No movie or show gets off the ground without the proper funding. It’s why the studio system came to be in Hollywood in the first place. Creative people wanted to do creative things, and people with money wanted to see those things happen. Those people with money in turn wanted to make more money, and then established an infrastructure devoted to doing that with those same creative people. It’s a bit of a reductionist perspective of the history of Hollywood, but it’s the simplest version of a decidedly complex story.
Fast-forward to today, and the studio system is alive and thriving, with each clawing for the next big cash-cow franchise to fund. But over the last couple years, a bizarre little universe has started to exist outside of this in the form of crowdfunding. The rise of sites like Kickstarter and Indiegogo has led to a massive influx of independent projects that otherwise never would have seen the light of day, effectively circumventing the dog and pony show of getting studio funding.
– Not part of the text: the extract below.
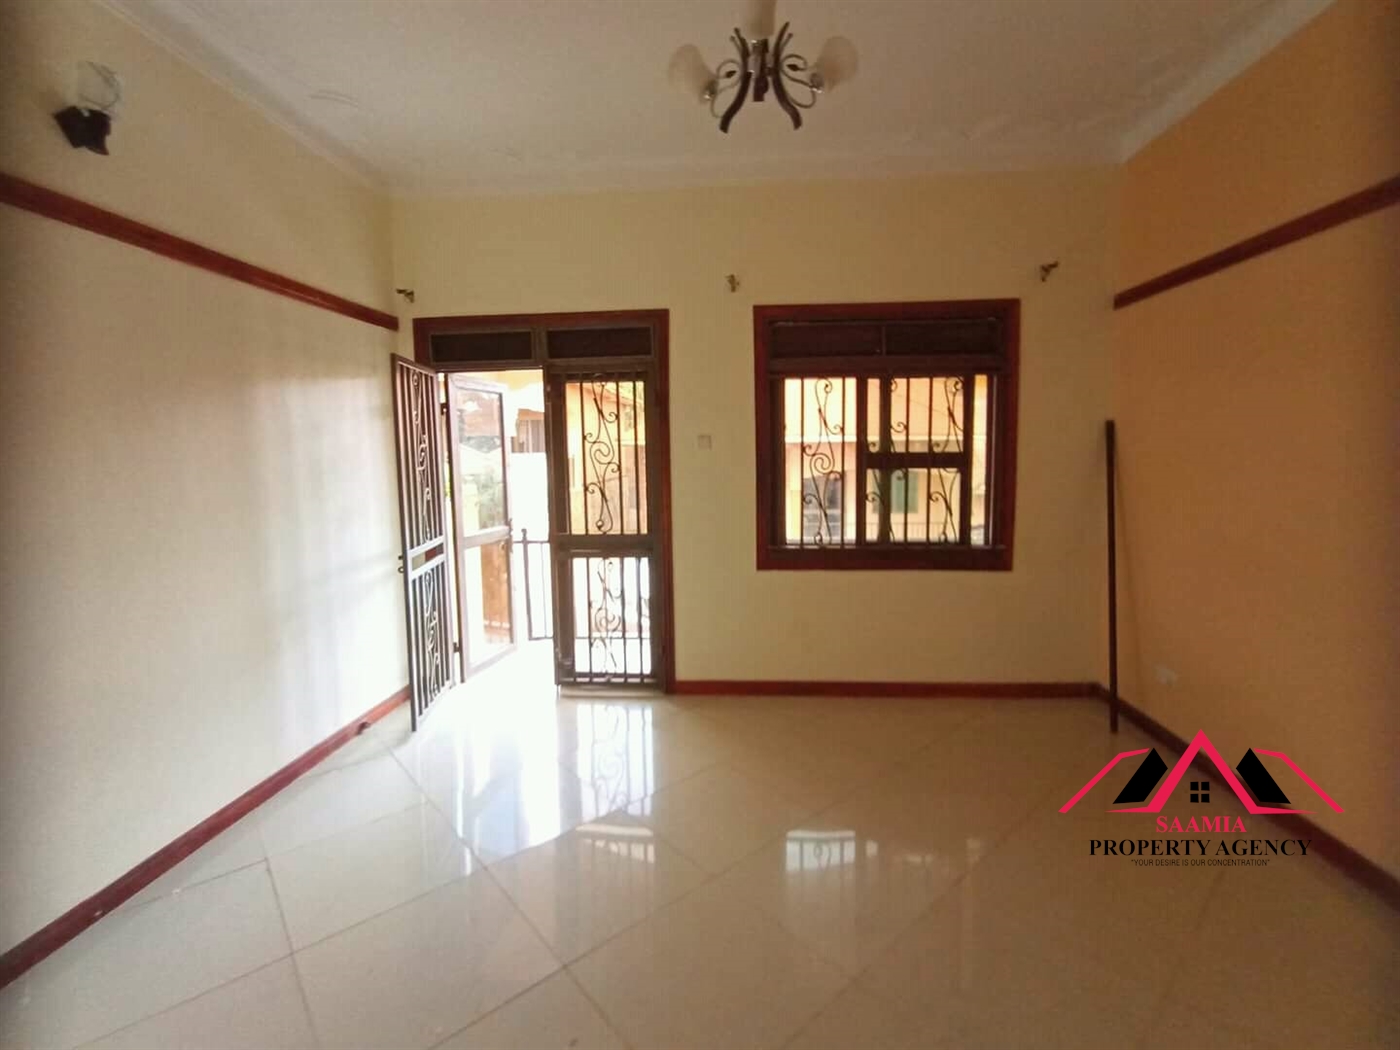 Apartment for rent in Zana Kampala

The real kicker: It’s working like gangbusters.
Already we’ve seen Kickstarters for both Reading Rainbow and Veronica Mars haul in over $5 million each in fan funding, resurrecting two long-since dead yet beloved properties. Nathan Fillion and Alan Tudyk recently collected over $2 million on Indiegogo for a proposed web series (with almost a month left to go in their funding cycle). And just this last week, we saw Broken Lizard take their turn atop the pile, petitioning fans to help them raise money for Super Troopers 2. Not surprisingly, they met and then exceeded their goal of $2 million in just 24 hours, spread out over 24,000 separate donors.
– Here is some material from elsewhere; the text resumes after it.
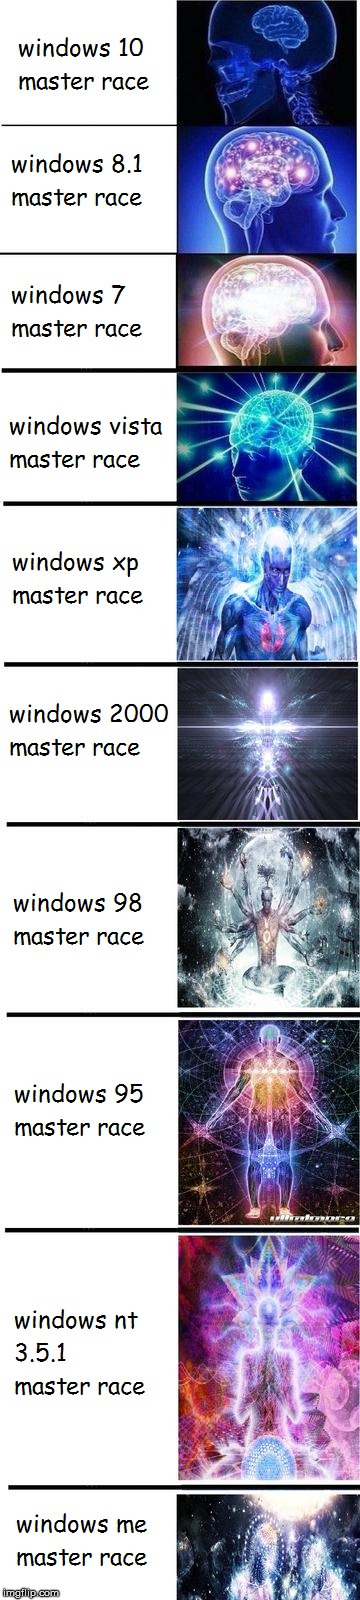 Expanding Brain - Windows Master Race | image tagged in expanding brain,expanding brain extended,brain meme,windows,windows master race,windows xp | made w/ Imgflip meme maker

In many ways, this represents the people taking back their favorite TV shows and movies from a studio system that has one priority: The bottom line. The fans who fund these projects hand over their money do so because they truly believe in the project, not simply as a means to get rich. Sure, they qualify for a number of perks depending on the amount of their contribution, but the only real incentive here comes from people committed to art for art’s sake. The sheer level of this commitment can be staggering, too. In exchange for the actual patrol car to be used on set in Super Troopers 2, one fan pledged an astronomical $35,000 donation to the project.
Given the massive success of all these projects, it’s become abundantly clear that crowdfunding has carved out a considerable niche in Hollywood. In a lot of ways, it’s a system that benefits everyone. Studios don’t have to spend money they weren’t interested in forking over to begin with, and fans get to directly effect the fate of some of their favorite movies and TV shows. This symbiotic relationship serves all interests, helping make at least a small sliver of the industry accountable to investors not sitting in a board room in Los Angeles.
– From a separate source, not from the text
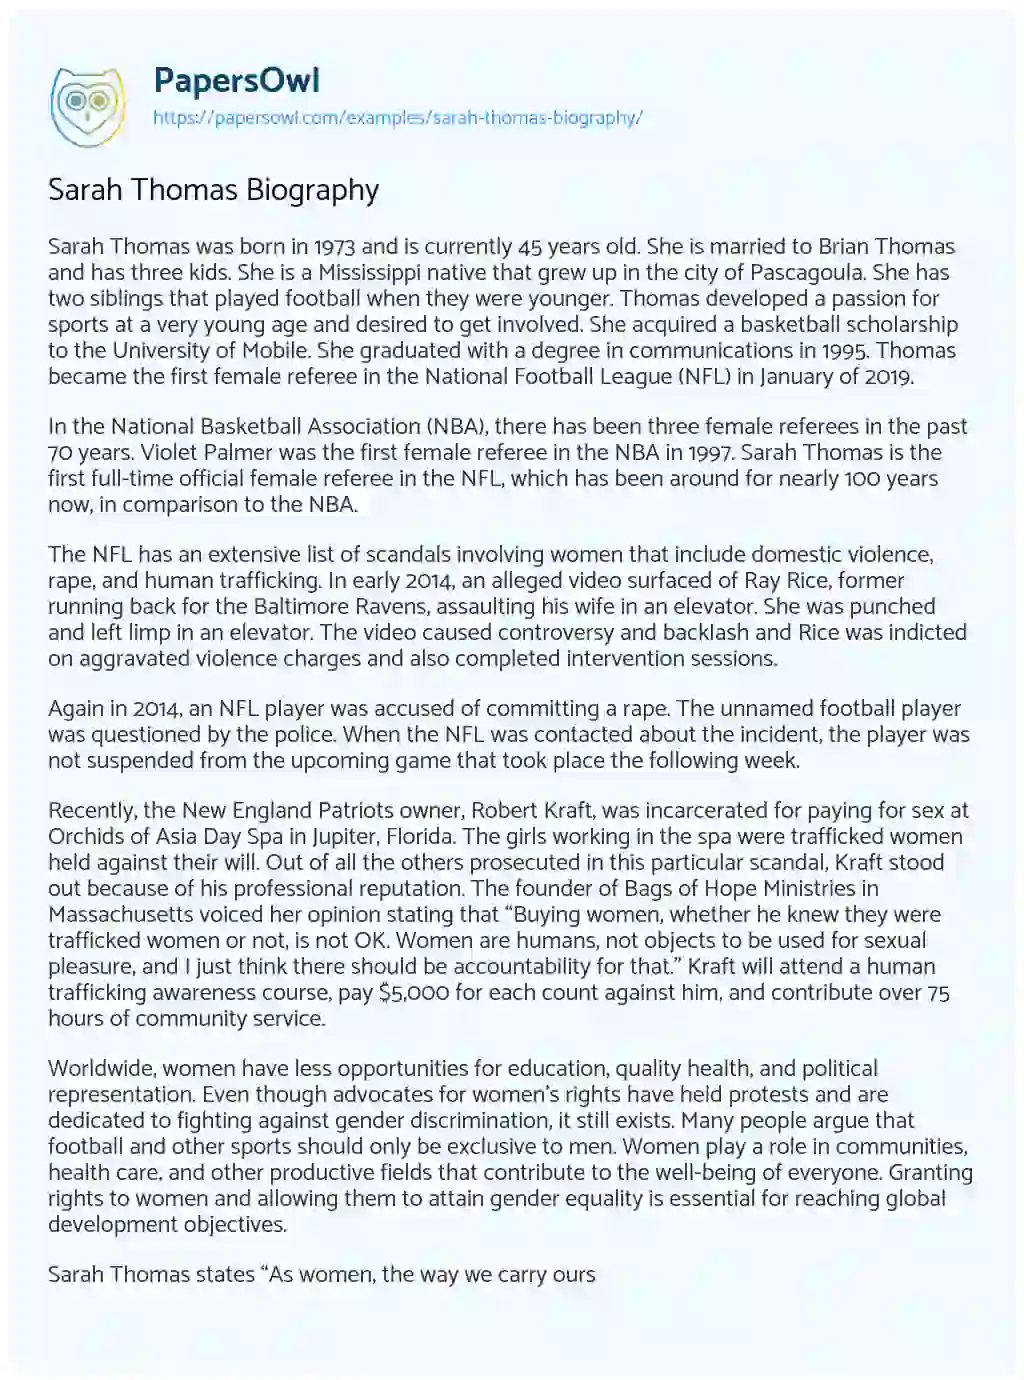 Essay on Sarah Thomas Biography

With Super Troopers 2 now careening toward $3 million in donations, it’s clear that this is only the beginning for crowdfunding. A thoroughly planned marketing strategy, a meticulously designed campaign, and a well thought-out creative vision can have any project finding itself as the next with millions of dollars to create something truly amazing. Most importantly though, it’s one gigantic (and very necessary) step toward giving fans the stake in Hollywood they so rightfully deserve.